In the past I have been researching novel frameworks to allow the parallelisation of computational methods that are usually hard to translate for an execution of parallel hardware like GPUs. For that I used a parallel programming concept called Mega-Kernel. The essence of this concept is that a few computing units out of several thousand are responsible for scheduling computational tasks with different priorities. The Mega-Kernel concept has been demonstrated to provide a powerful extension of conventional kernel based program execution management that can deliver significant performance enhancement from single instruction multiple data (SIMD) approaches. However, to date the queue optimisation capabilities that are at the core of the approach use static rule based decision processes and in particular do not provide optimal hardware utilization or automatic intelligent preemptive scheduling. There are many real world applications for which performance could potentially be transformed by more dynamically adaptive scheduling capabilities and the SIMD architecture itself provides an opportunity to realise this. In this project we will explore statistical machine learning at the parallel hardware level to automatically predict the priorities of tasks in complex real world data analysis tasks such as the reconstruction and motion correction of n-dimensional motion corrupted medical image data. In particular, we will explore the real-time capabilities of machine learning supported preemptively scheduled reconstruction for the direct integration of motion correction into the scan process of fetal magnetic resonance data. Motion correction is the only way to provide comprehensive investigation of all fetal organs at high resolution. However, the currently used algorithmic pipeline is unidirectional, slow and consists of error-prone post-scan-processing steps. The lack of interactivity makes manual corrections or an integration into the scan process impossible at the moment. Automatically prioritised preemptive scheduling of the algorithm's tasks on commodity hardware like GPUs will likely provide a way to introduce real-time capabilities for such extremely complex computing methods.

It will be feasible during the 14 months of this project to explore if machine learning could be an option to predict the hardware utilisation of the tasks of a complex example algorithm like motion correction with potential corrective user input. If successful, the results of this project are likely to introduce a new paradigm in high-performance computing and will contribute to a paradigm-shift in medical image acquisition of moving objects.

Planned Impact

This project focuses on developing new software technologies for high-performance computing (HPC) with applications to medical image analysis.
The most immediate impact is expected through uptake of the developed fundamental methods by the HPC community and by researchers in medical image analysis. The PI will advance this uptake through direct collaboration with experts in HPC (Imperial College, MPI Saarbrücken) and medical image acquisition (King's College London) and is currently exploring the potential for collaboration with other research groups (academic visits for example to Vienna University of Technology, Austria, the HPC facility in Nottingham, UK and the University Hospital Leipzig, Germany).

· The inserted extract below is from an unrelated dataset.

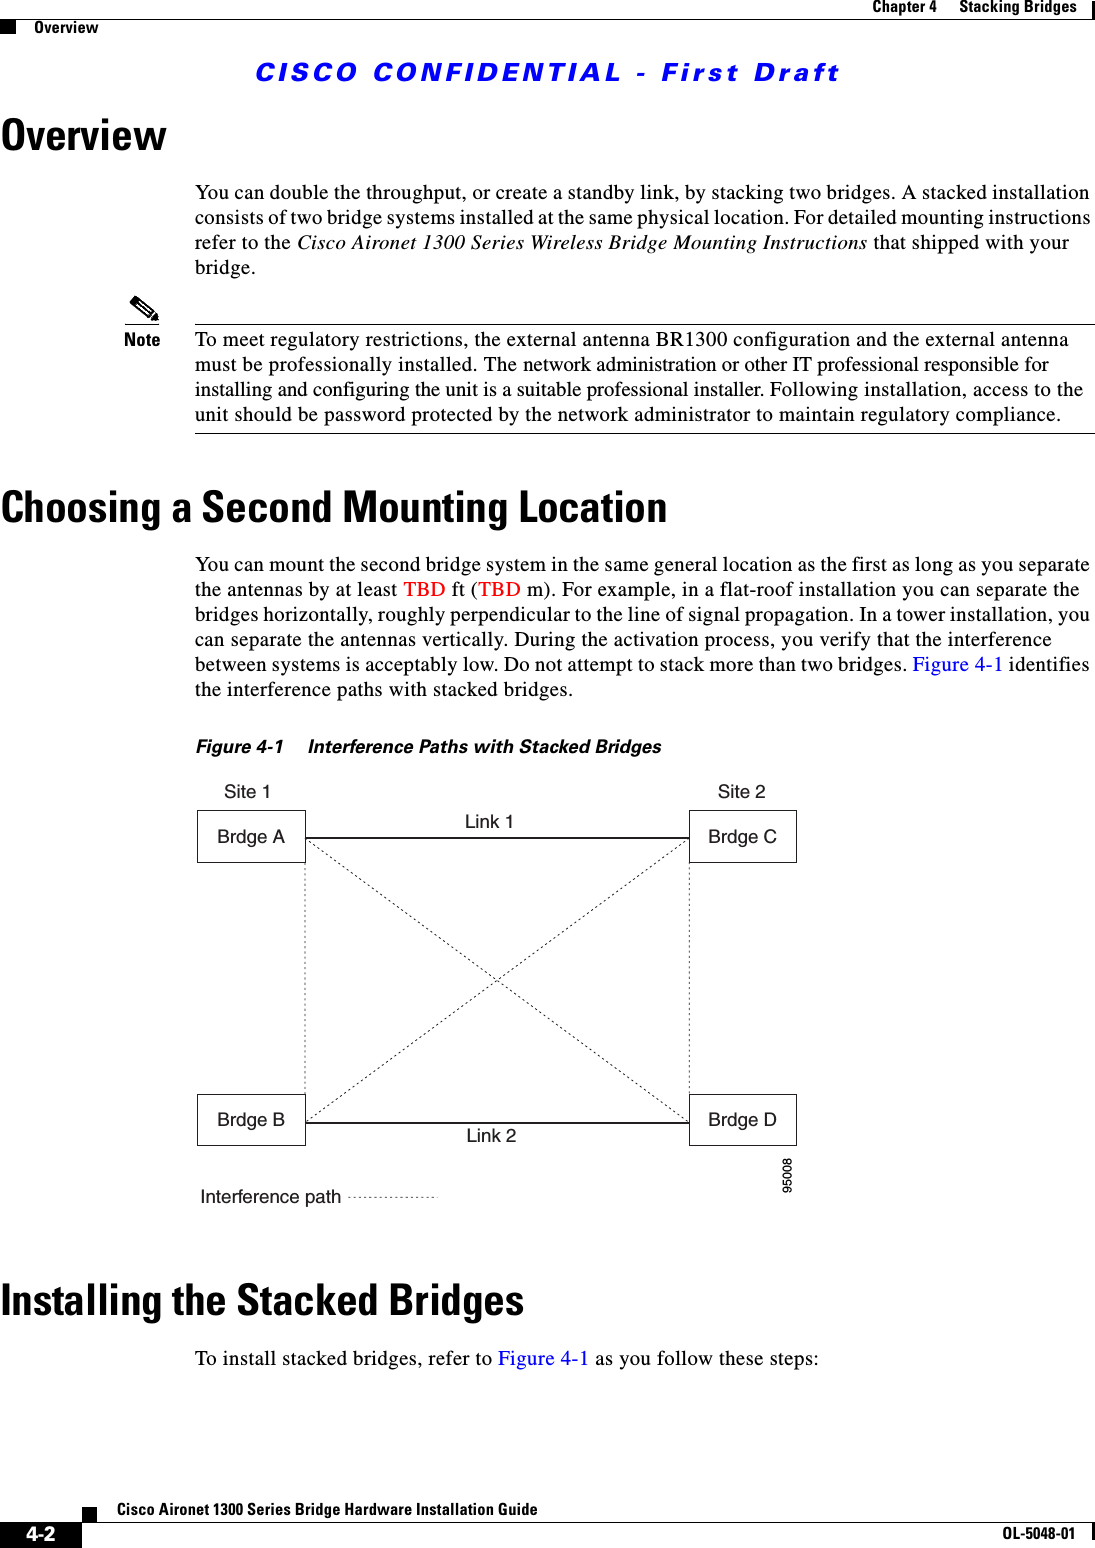 CISCO CONFIDENTIAL - First Draft4-2Cisco Aironet 1300 Series Bridge Hardware Installation GuideOL-5048-01Chapter 4      Stacking BridgesOverviewOverviewYou can double the throughput, or create a standby link, by stacking two bridges. A stacked installation consists of two bridge systems installed at the same physical location. For detailed mounting instructions refer to the Cisco Aironet 1300 Series Wireless Bridge Mounting Instructions that shipped with your bridge.Note To meet regulatory restrictions, the external antenna BR1300 configuration and the external antenna must be professionally installed. The network administration or other IT professional responsible for installing and configuring the unit is a suitable professional installer. Following installation, access to the unit should be password protected by the network administrator to maintain regulatory compliance.Choosing a Second Mounting LocationYou can mount the second bridge system in the same general location as the first as long as you separate the antennas by at least TBD ft (TBD m). For example, in a flat-roof installation you can separate the bridges horizontally, roughly perpendicular to the line of signal propagation. In a tower installation, you can separate the antennas vertically. During the activation process, you verify that the interference between systems is acceptably low. Do not attempt to stack more than two bridges. Figure 4-1 identifies the interference paths with stacked bridges.Figure 4-1 Interference Paths with Stacked BridgesInstalling the Stacked BridgesTo install stacked bridges, refer to Figure 4-1 as you follow these steps:95008Brdge B Link 2Link 1Site 1 Site 2Interference pathBrdge ABrdge DBrdge C

Dynamic scheduling for GPUs provides a great number of possibilities. Exploring the integration of machine learning into these techniques can pave the way for new parallel programming models, following the idea that algorithms can be written more easily by defining work entities and their relations rather than execution steps. With the possibility to control execution states at runtime, we can provide an intelligent task manager for GPUs. We will also explore the application areas that can be tackled with advanced GPU scheduling strategies, including motion correction in n-dimensional magnetic resonance imaging (MRI), which includes research on computational intelligence and real-time scheduling for time critical processes.

At the same time we will work on the remaining features that hamper the straight forward mapping of complex algorithms for GPU execution. We will enable learned task priorities that completely hide task prioritisation from the programmer, allowing an arbitrary small granularity of priority levels. With the combination of all these efforts, we will make GPUs a more accessible device for the development of complex parallel algorithms.

The chosen example application will contribute significantly towards the development of better and more objective imaging biomarkers in medical imaging. Such markers are crucial for early or differential diagnosis. In addition they allow clinicians to reach informed decisions and viewpoints on potential treatments and therapies. Therefore, clinicians in medical imaging and fetal medicine will be also direct beneficiaries of this research.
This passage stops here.